« Spinosa n’eut pas plutôt publié quelques uns de ses ouvrages, qu’il se fit un grand nom dans le monde, parmi les personnes les plus distinguées, qui le regardaient comme un beau génie & un grand philosophe. » (Vie par Colerus)
Les personnes distinguées, qui donc sont-ce ? Ses pairs, savants et philosophes, ont certes perçu la valeur de Spinoza. Mais ici Colerus entend, la suite le montre, ce qu’aujourd’hui on nomme (dans une acception si discutable du mot) « élites ».
Gens de pouvoir, d’influence, mais sans toujours connaissances, talents, valeur humaine qui les justifieraient.
Le distingué en question est « Monsieur Stoupe Lt Colonel d’un régiment suisse au service du Roi de France (qui) commandoit dans Utrecht » et « avait d’autant plus envie de l’y attirer que le Prince de Condé qui prenait alors le gouvernement d’Utrecht, souhaitait fort de s’entretenir avec Spinosa. »
Le passage de Spinoza à Utrecht fut mal vu dans le port d’Amsterdam et du côté de la Haye, because alliances & allégeances plus embrouillées que ça tu meurs entre princes rivaux se disputant l’Europe.
En plus, dit Colerus, on n’est pas sûr qu’il ait vraiment parlé avec Condé. C’est ballot.
Après quoi « l’électeur palatin Charles Louis, de glorieuse mémoire, informé de la capacité de ce grand philosophe, voulut l’attirer à Heidelberg pour y enseigner la philosophie ». Il charge le « célèbre Docteur Fabricius, professeur en théologie bon philosophe et l’un de ses conseillers, d’en faire la proposition à Spinosa ».
Il pourra enseigner tout ce qu’il veut, sauf à aller « contre la religion établie par les lois ». Pour l’amadouer Fabricius le « régale du titre de Philosophe très célèbre & de génie transcendant. » Un truc qui marche toujours, qu’il se dit le courtisan d’élite.
Spinoza, lui, vit là « une mine qu’il éventa aisément. » Non merci, répondit-il, je suis surbooké, et puis enseigner, c’est pas ma pinte de bière …

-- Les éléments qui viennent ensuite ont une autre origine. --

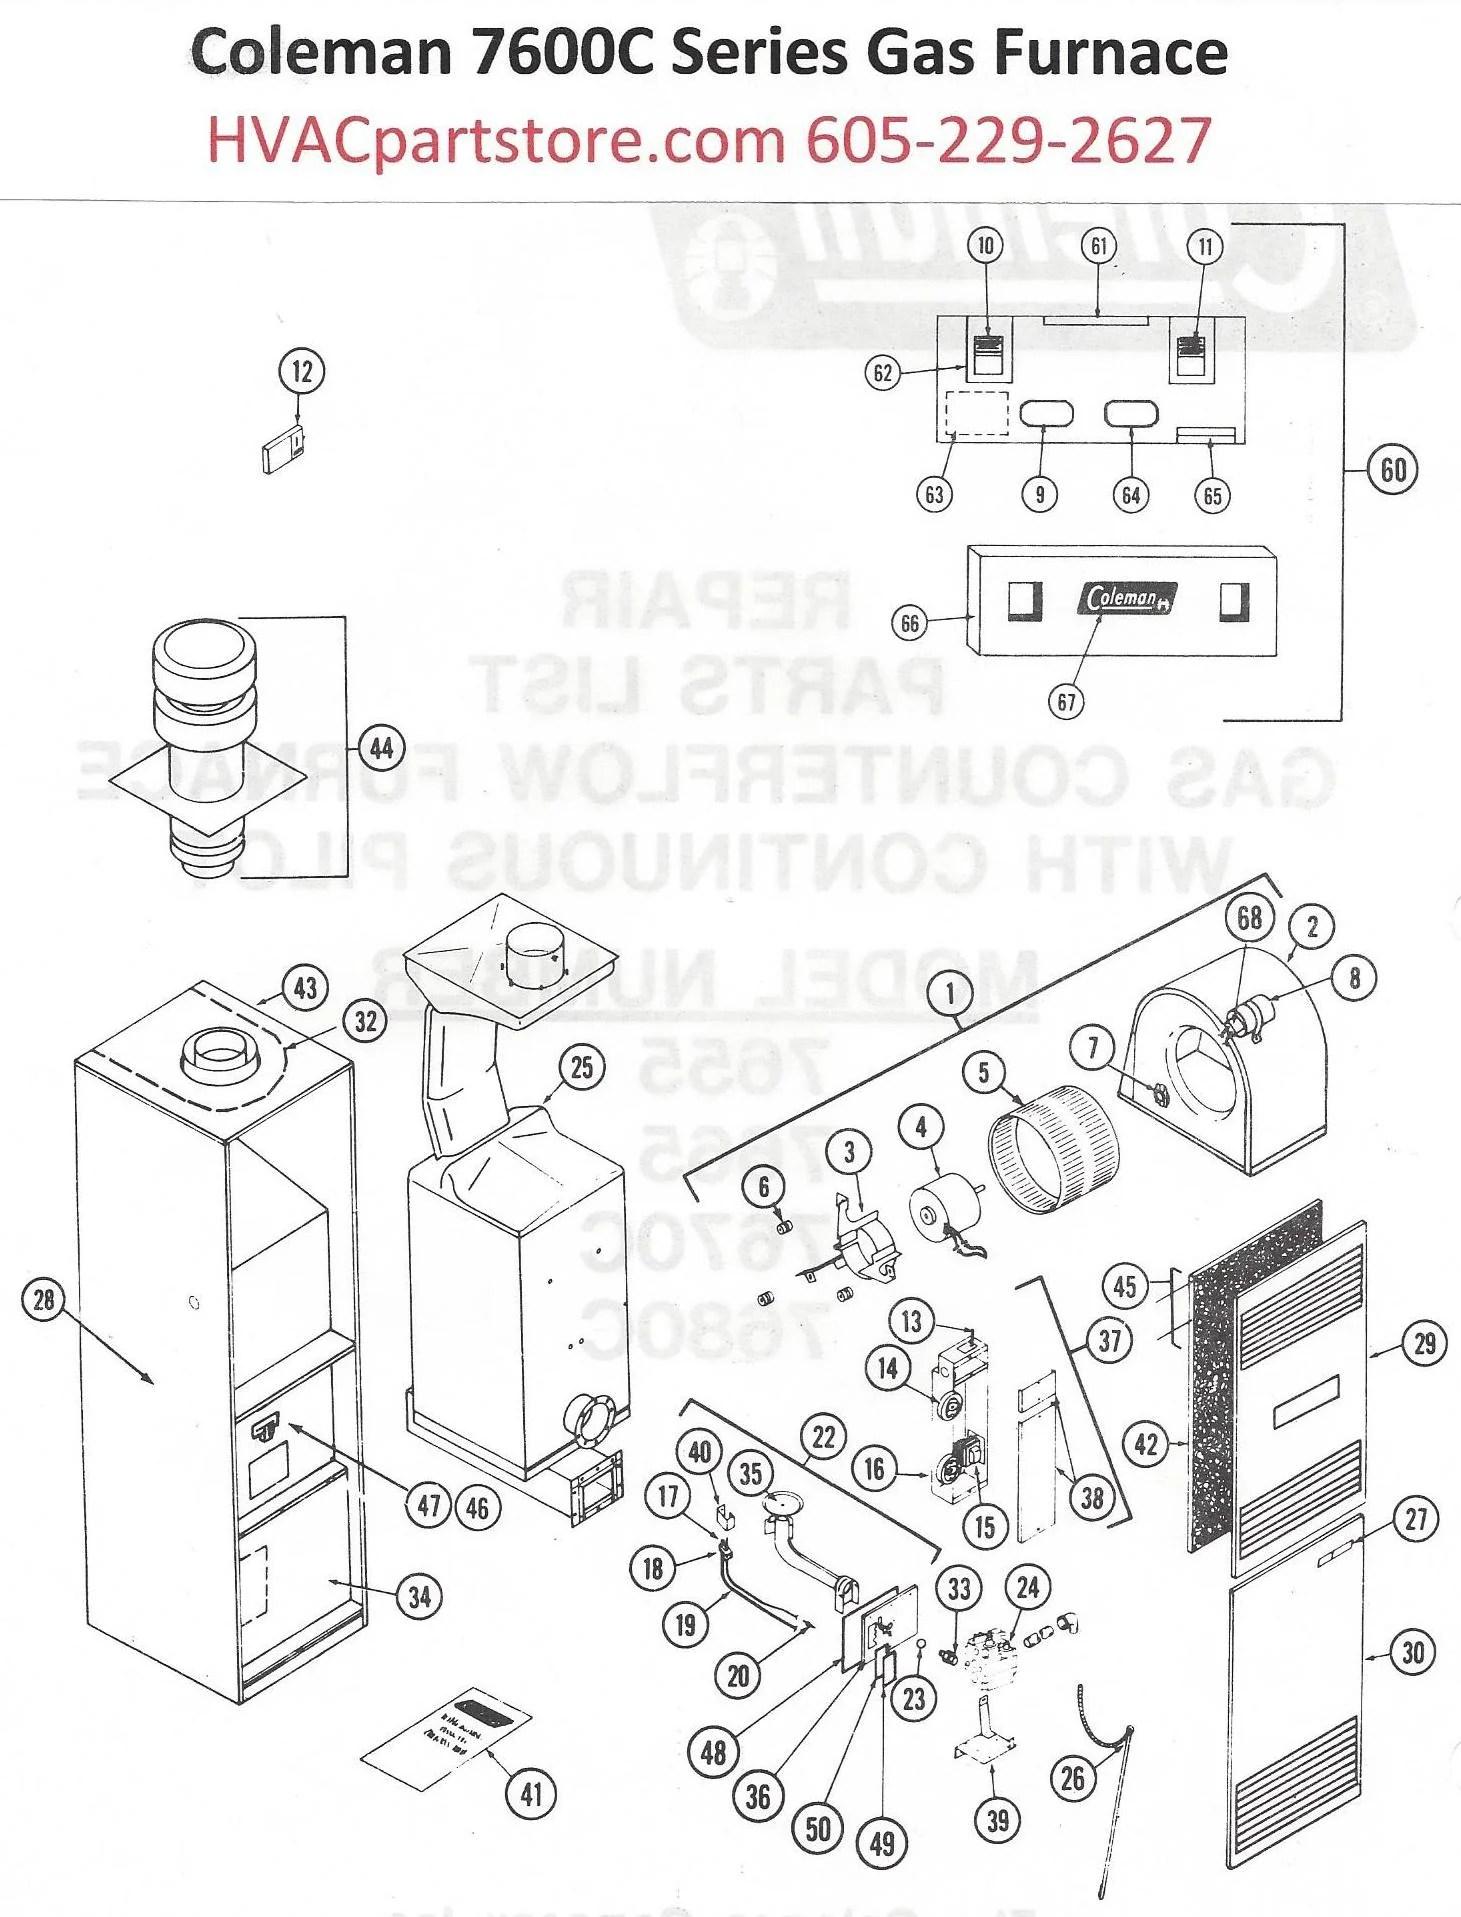 7670C856 Coleman Gas Furnace Parts – HVACpartstore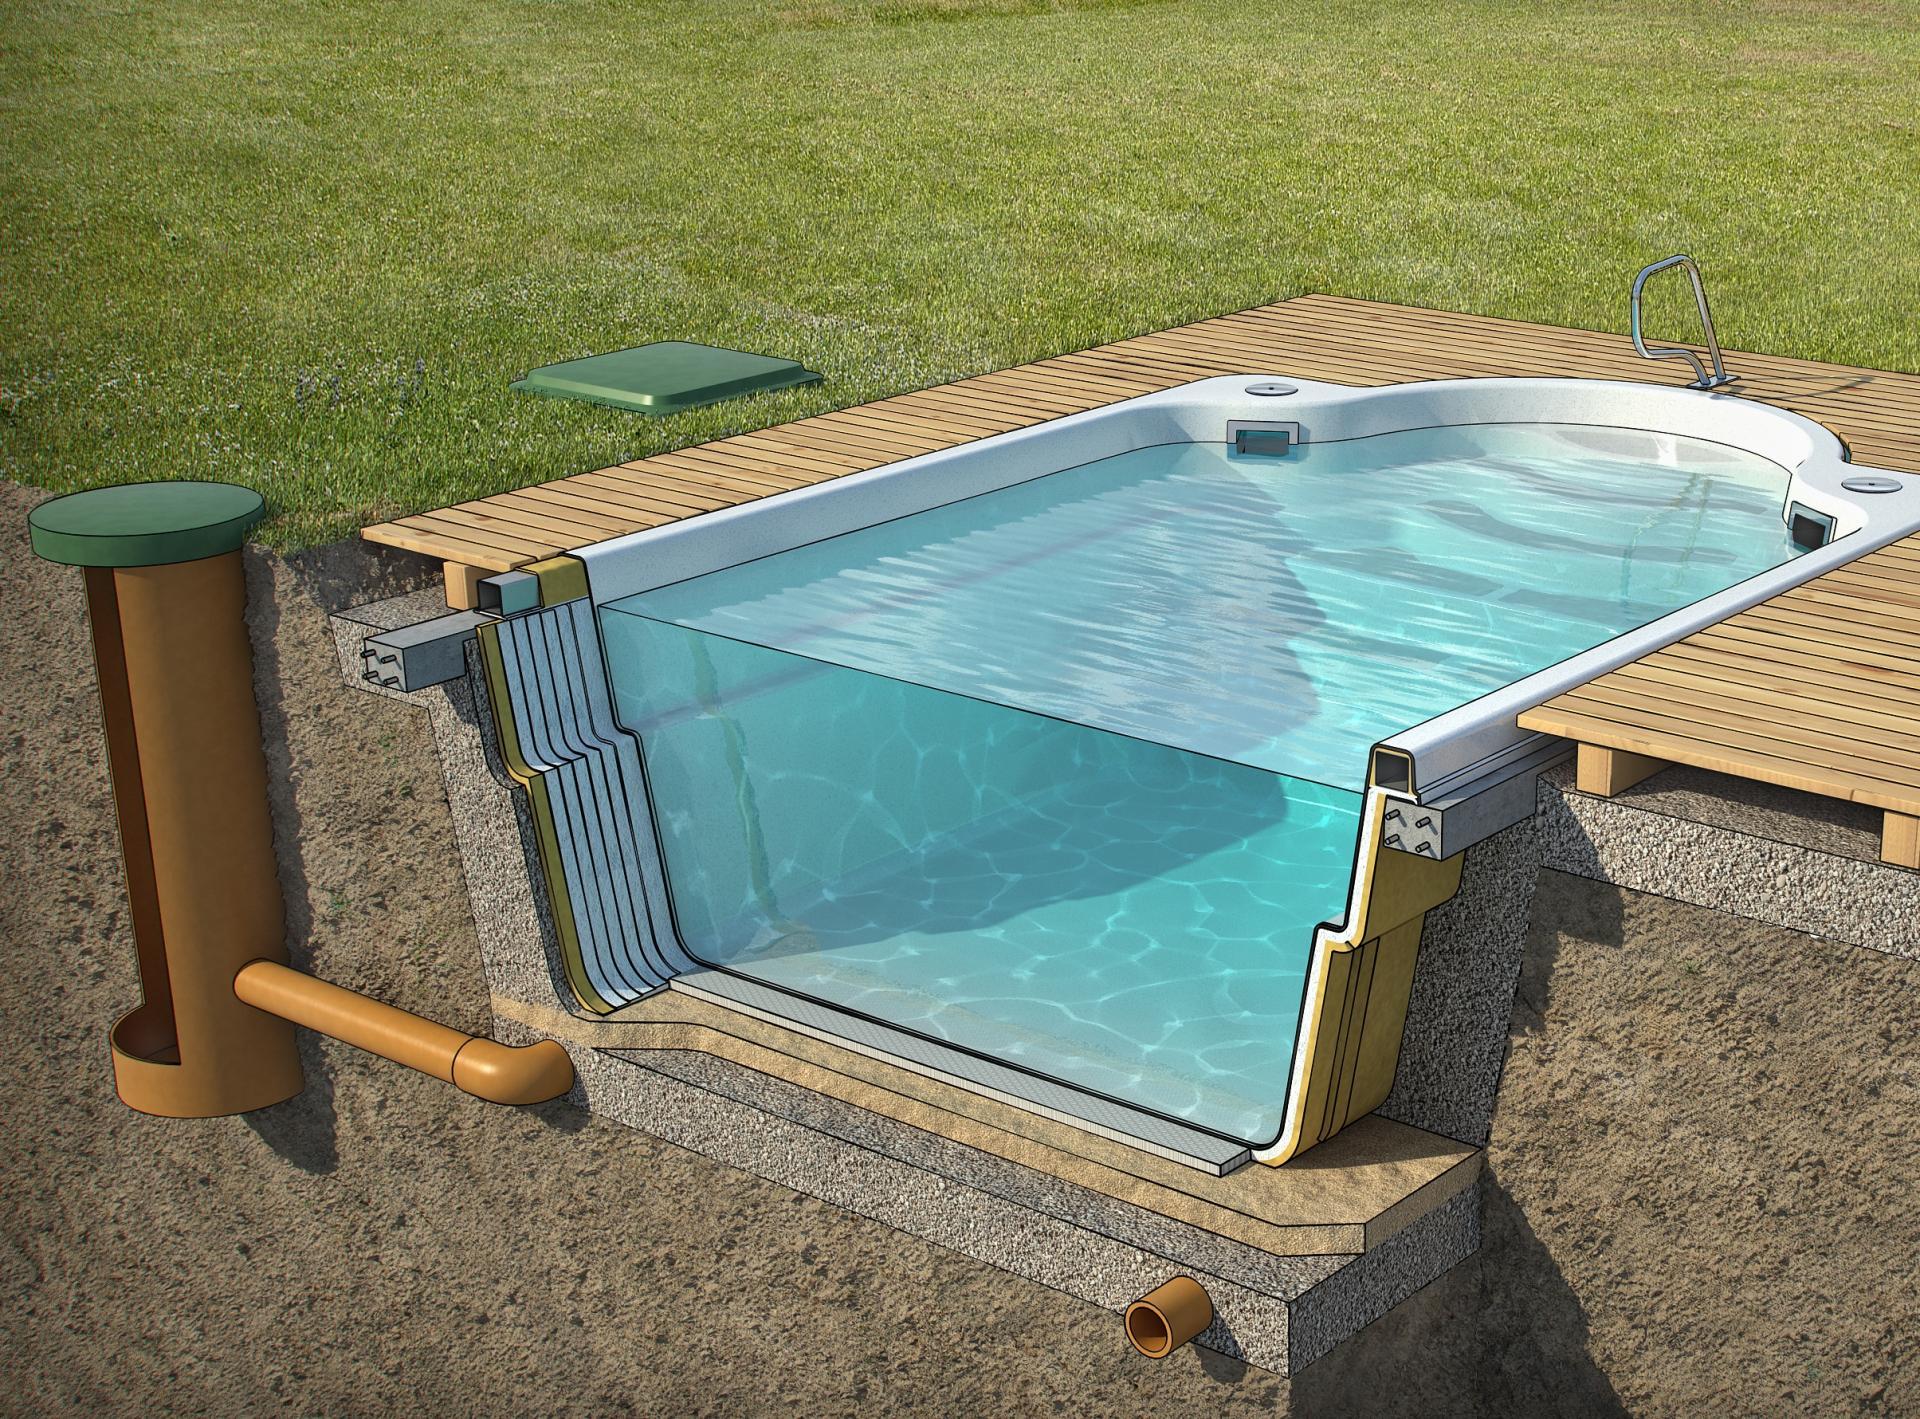 Установка бассейна из пластика

«De plus je fais réflexion que vous ne me marquez point dans quelles bornes doit être renfermée cette liberté d’expliquer mes sentiments, pour ne point choquer la religion. »
Affûté, non ? L’arroseur arrosé en quelque sorte.
Moralité avec du miel on attrape les mouches, mais pas un spécialiste en stratégie de l’araignée. La connaissance des prédateurs fait la survie des proies.
À propos, la devise de Spinoza : caute (= faites attention ).
Il savait déjà se méfier des réseaux sociaux!